3 Ways to initialize object

There are 3 ways to initialize object in Java.

1. By reference variable
2. By method
3. By constructor

1) Object and Class Example: Initialization through reference

Initializing an object means storing data into the object. Let’s see a simple example where we are going to initialize the object through a reference variable.

class Student{  
 int id;  
 String name;  
}  
class TestStudent2{  
 public static void main(String args[]){  
  Student s1=new Student();  
  s1.id=101;  
  s1.name="Sonoo";  
  System.out.println(s1.id+" "+s1.name);//printing members with a white space  
 }  
}  

Output:

101 Sonoo


We can also create multiple objects and store information in it through reference variable.

Output:

class Student{  
 int id;  
 String name;  
}  
class TestStudent3{  
 public static void main(String args[]){  
  //Creating objects  
  Student s1=new Student();  
  Student s2=new Student();  
  //Initializing objects  
  s1.id=101;  
  s1.name="Sonoo";  
  s2.id=102;  
  s2.name="Amit";  
  //Printing data  
  System.out.println(s1.id+" "+s1.name);  
  System.out.println(s2.id+" "+s2.name);  
 }  
}  

101 Sonoo
102 Amit

2) Object and Class Example: Initialization through method

In this example, we are creating the two objects of Student class and initializing the value to these objects by invoking the insertRecord method. Here, we are displaying the state (data) of the objects by invoking the displayInformation() method.

class Student{  
 int rollno;  
 String name;  
 void insertRecord(int r, String n){  
  rollno=r;  
  name=n;  
 }  
 void displayInformation(){System.out.println(rollno+" "+name);}  
}  
class TestStudent4{  
 public static void main(String args[]){  
  Student s1=new Student();  
  Student s2=new Student();  
  s1.insertRecord(111,"Karan");  
  s2.insertRecord(222,"Aryan");  
  s1.displayInformation();  
  s2.displayInformation();  
 }  
} 

Output:

111 Karan
222 Aryan

As you can see in the above figure, object gets the memory in heap memory area. The reference variable refers to the object allocated in the heap memory area. Here, s1 and s2 both are reference variables that refer to the objects allocated in memory.

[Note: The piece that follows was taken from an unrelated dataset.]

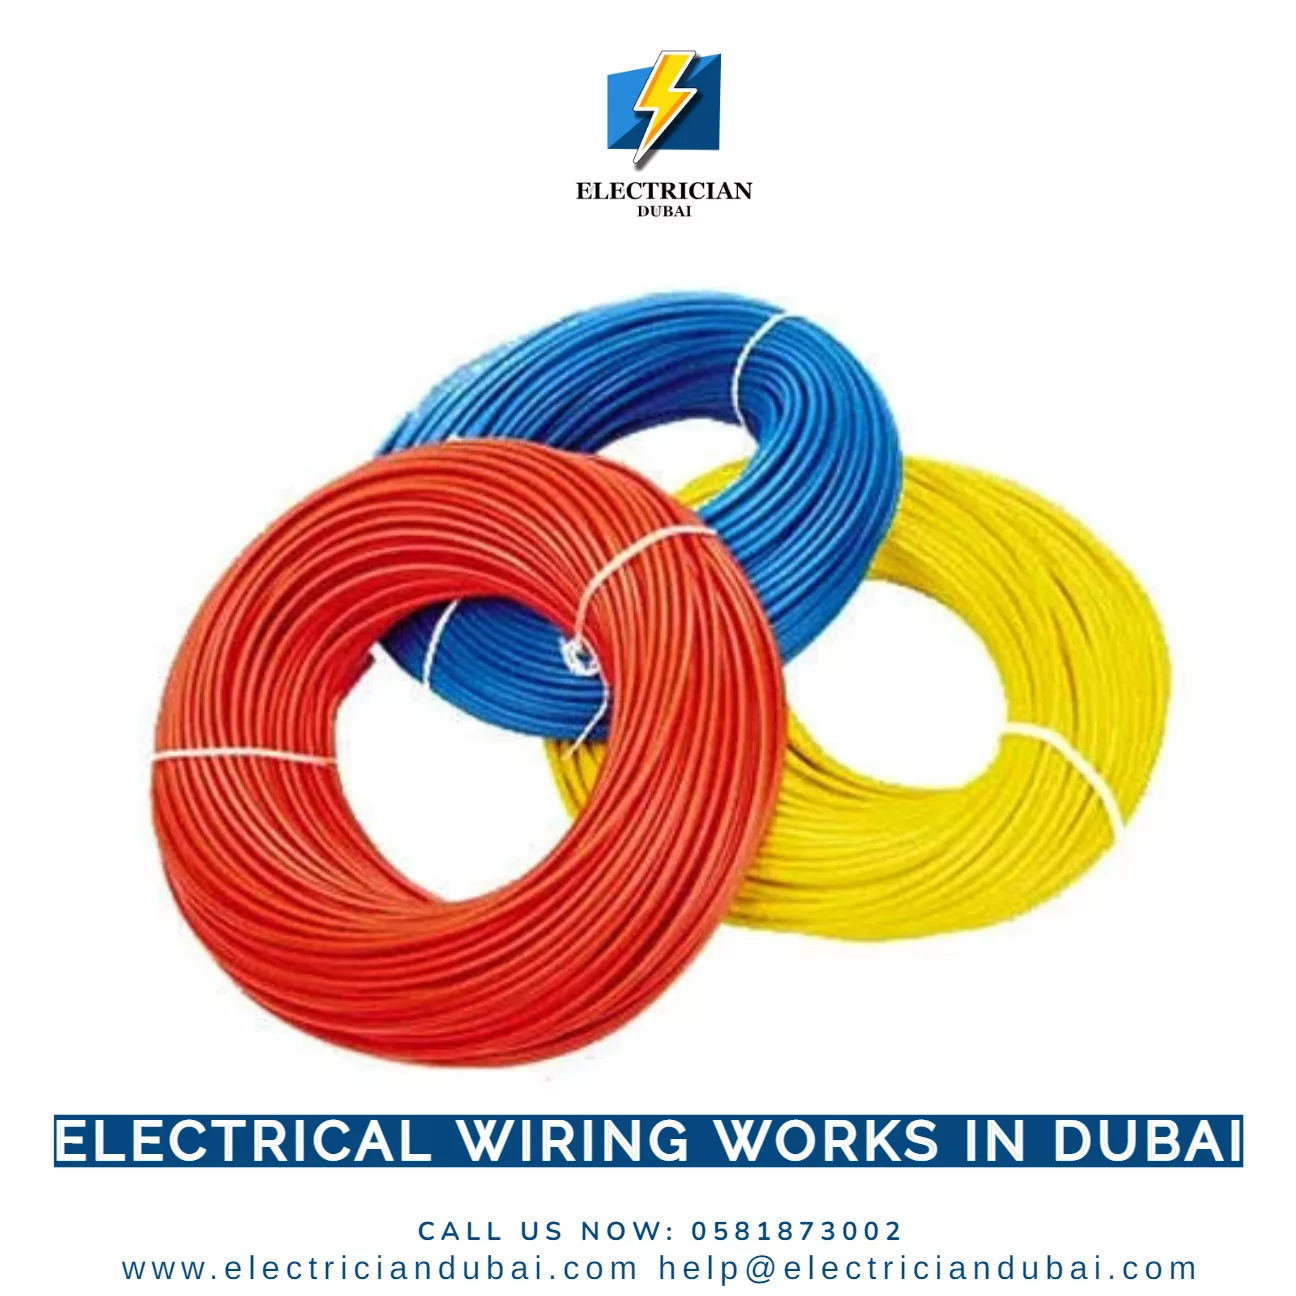 Electrical Wiring Works in Dubai

3) Object and Class Example: Initialization through a constructor

We will learn about constructors in Java later .https://vikiviews.wordpress.com/2024/03/07/all-about-java-constructors/

Object and Class Example: Employee

Let’s see an example where we are maintaining records of employees.

class Employee{  
    int id;  
    String name;  
    float salary;  
    void insert(int i, String n, float s) {  
        id=i;  
        name=n;  
        salary=s;  
    }  
    void display(){System.out.println(id+" "+name+" "+salary);}  
}  
public class TestEmployee {  
public static void main(String[] args) {  
    Employee e1=new Employee();  
    Employee e2=new Employee();  
    Employee e3=new Employee();  
    e1.insert(101,"ajeet",45000);  
    e2.insert(102,"irfan",25000);  
    e3.insert(103,"nakul",55000);  
    e1.display();  
    e2.display();  
    e3.display();  
}  
}

Output:

101 ajeet 45000.0
102 irfan 25000.0
103 nakul 55000.0

Object and Class Example: Rectangle

There is given another example that maintains the records of Rectangle class.

class Rectangle{  
 int length;  
 int width;  
 void insert(int l, int w){  
  length=l;  
  width=w;  
 }  
 void calculateArea(){System.out.println(length*width);}  
}  
class TestRectangle1{  
 public static void main(String args[]){  
  Rectangle r1=new Rectangle();  
  Rectangle r2=new Rectangle();  
  r1.insert(11,5);  
  r2.insert(3,15);  
  r1.calculateArea();  
  r2.calculateArea();  
}  
}  

Output:

55 
45     

What are the different ways to create an object in Java?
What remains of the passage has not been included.